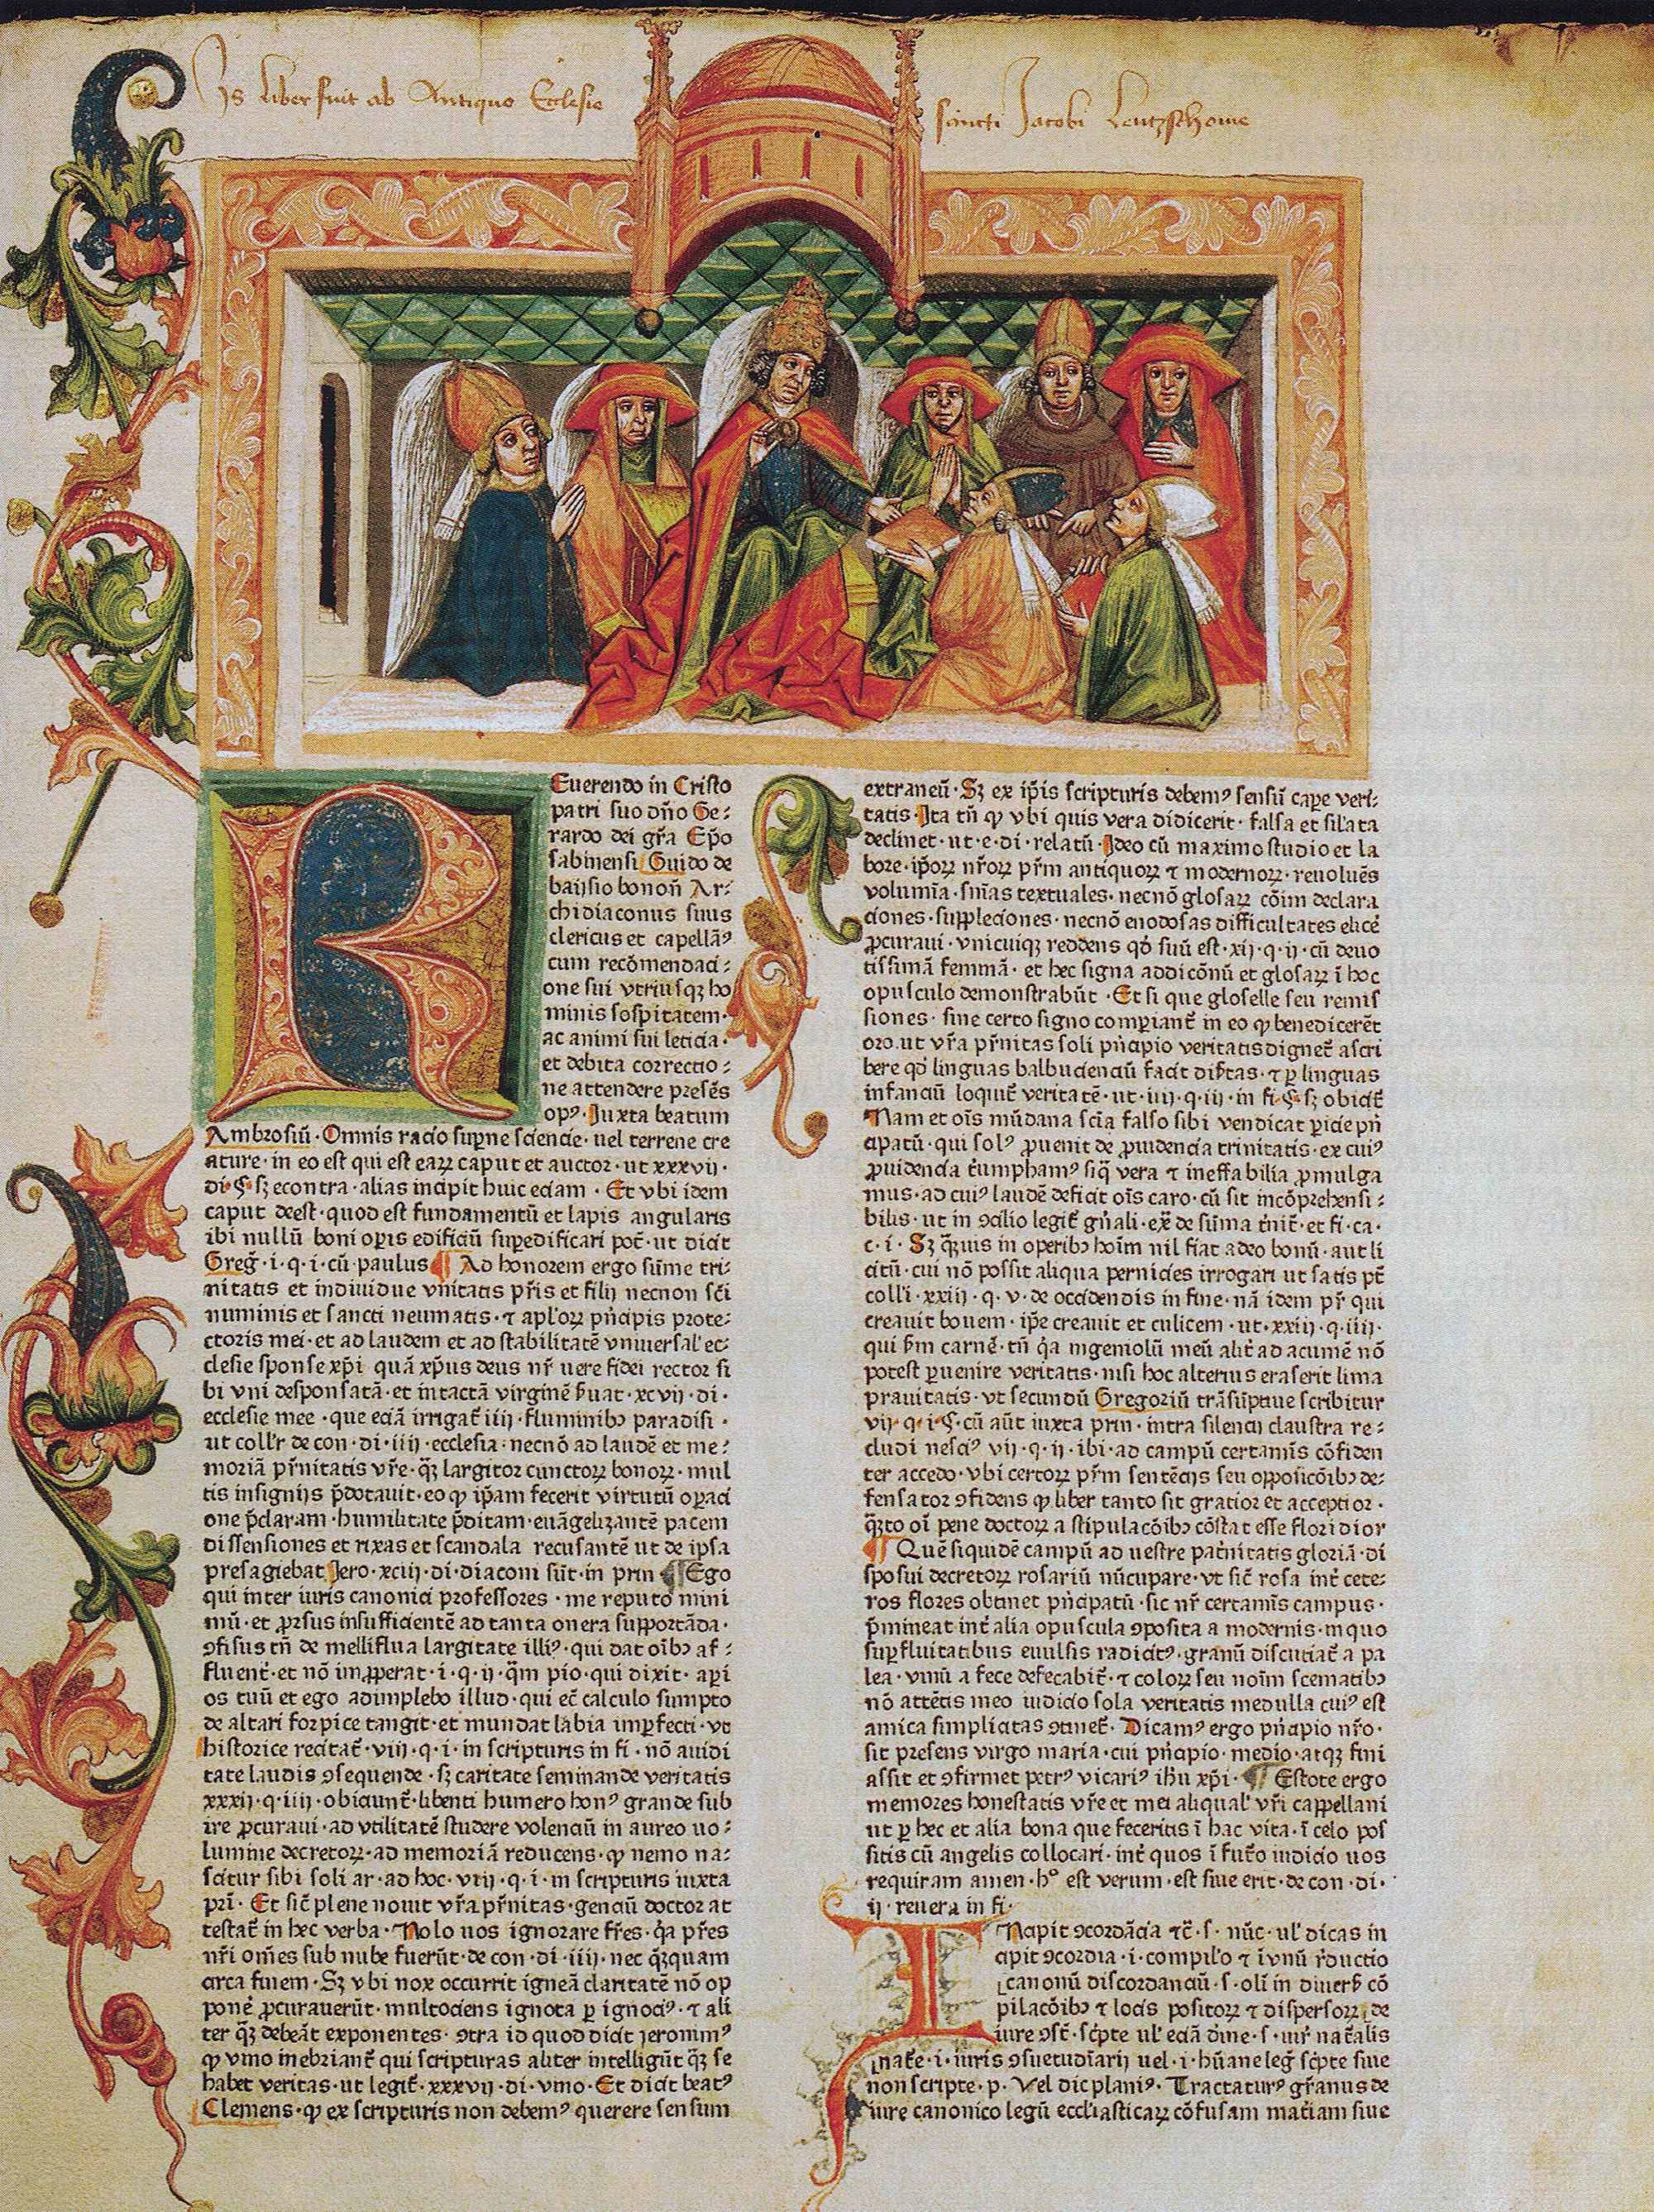 Vackert illustrerad medeltida boksida.
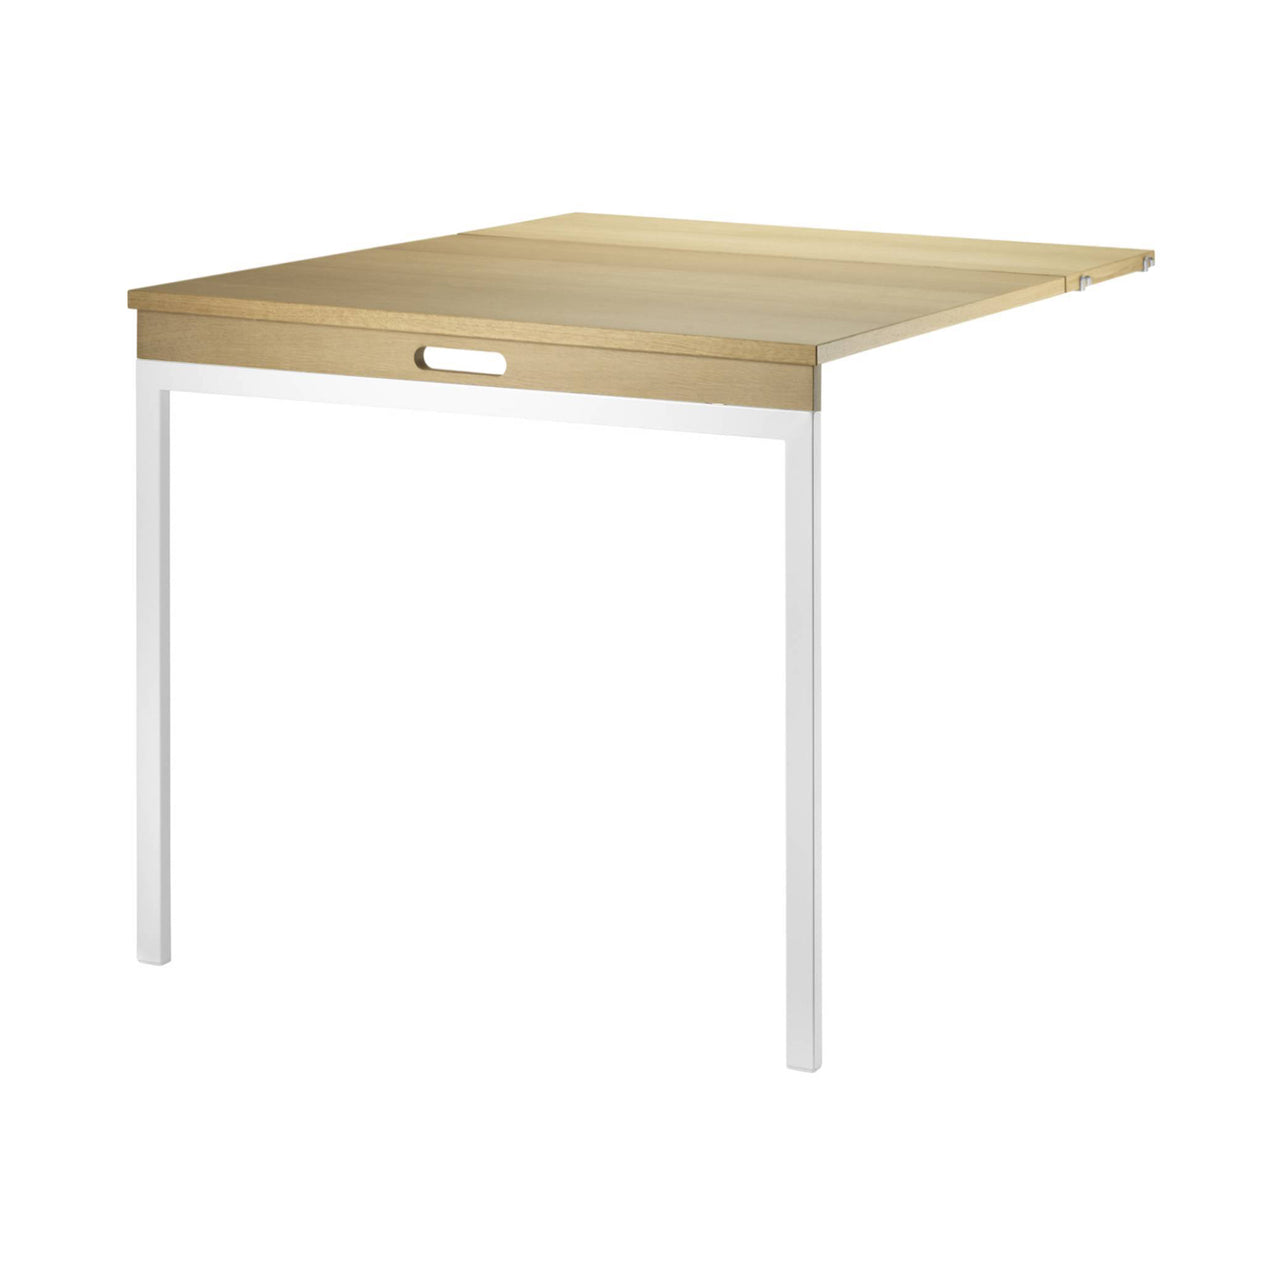 String Shelving System: Folding Table + Oak + White
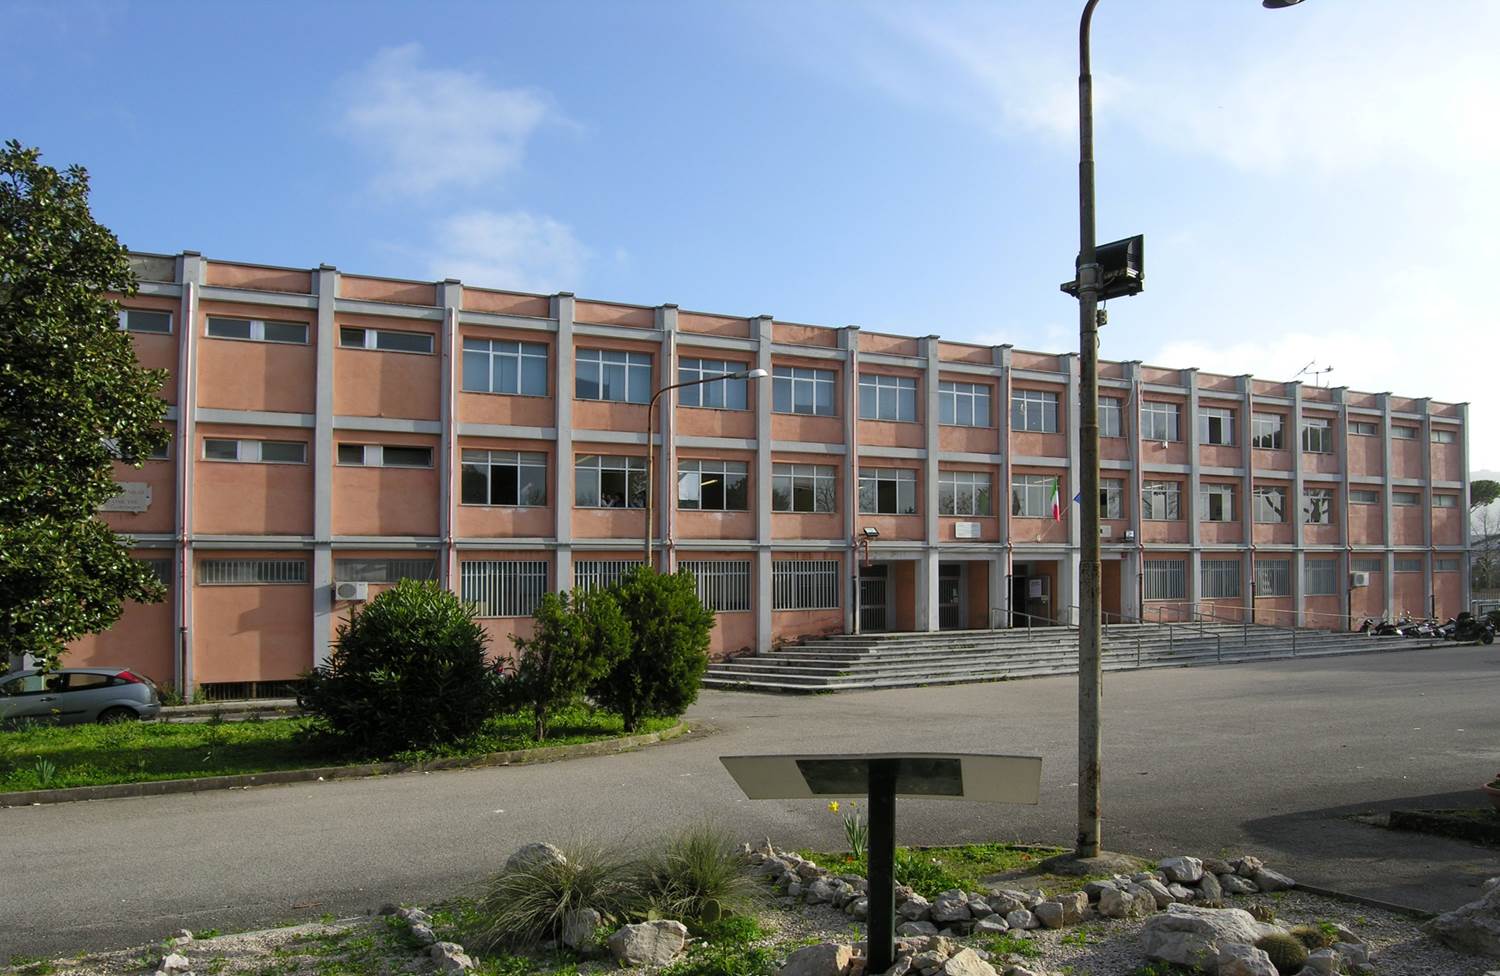 Un tragico evento si è verificato in una scuola di Caserta dove una studentessa di 17 anni ha accoltellato una sua coetanea durante le lezioni serali. La vittima è ora in ospedale con prognosi riservata.
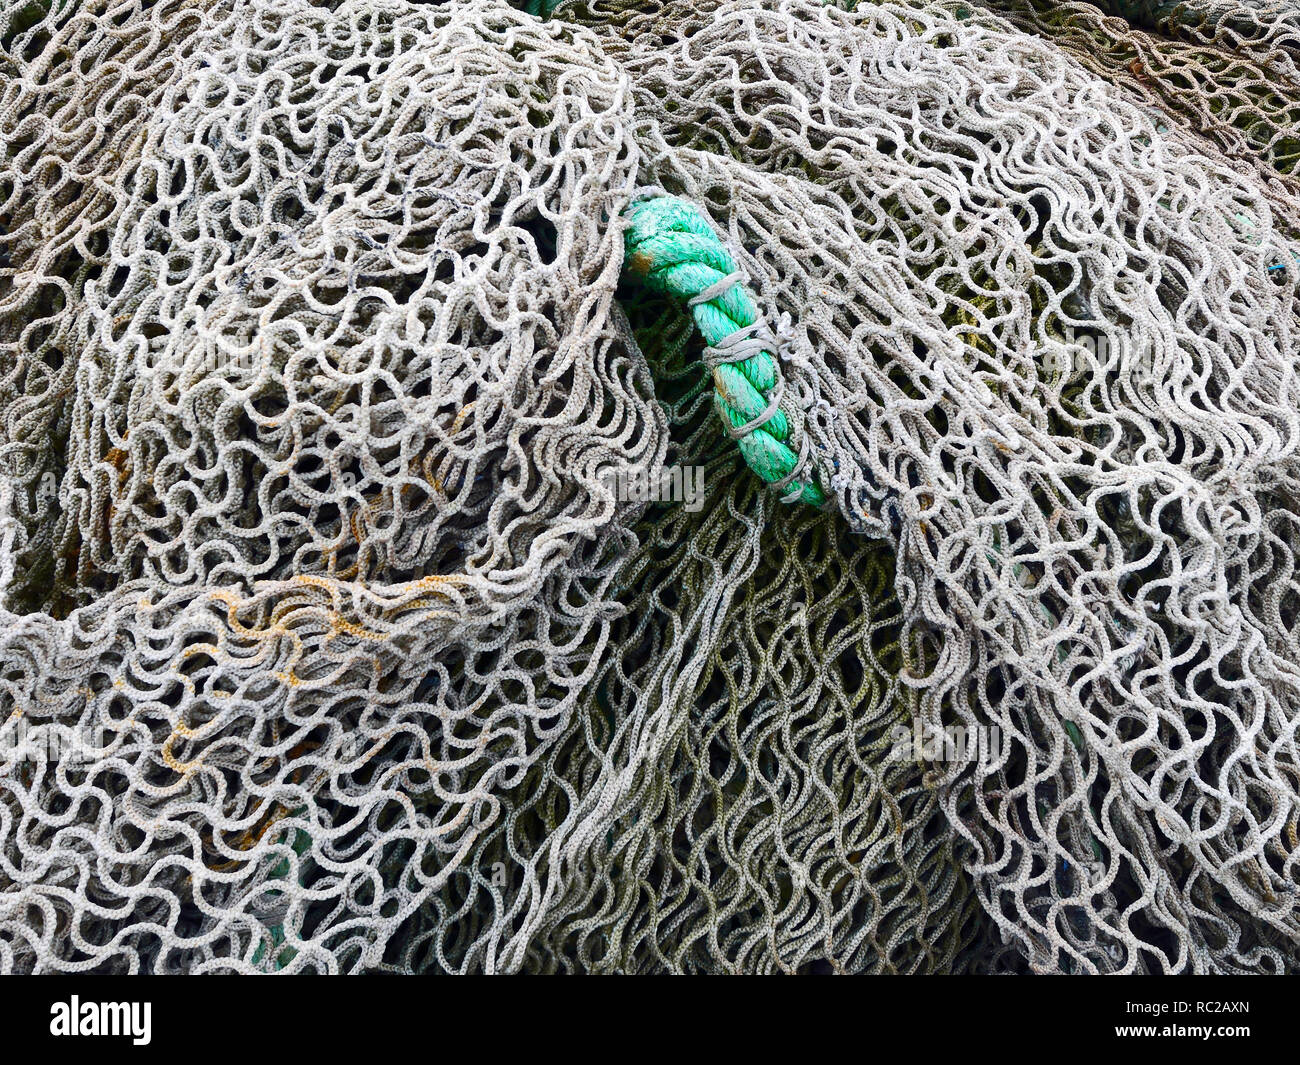 Una de las redes de pesca a lo largo de la costa de Bretaña, Francia Foto de stock

- - - - -

• _PROBLEM TO SOLVE_:
With the line containing "Un tragico evento" as the first line and the last line of the listing as the final one, reproduce that span exactly, without pictures.

• _SOLVED EXERCISE_:
 Un tragico evento si è verificato in una scuola di Caserta dove una studentessa di 17 anni ha accoltellato una sua coetanea durante le lezioni serali. La vittima è ora in ospedale con prognosi riservata.
 Una de las redes de pesca a lo largo de la costa de Bretaña, Francia Foto de stock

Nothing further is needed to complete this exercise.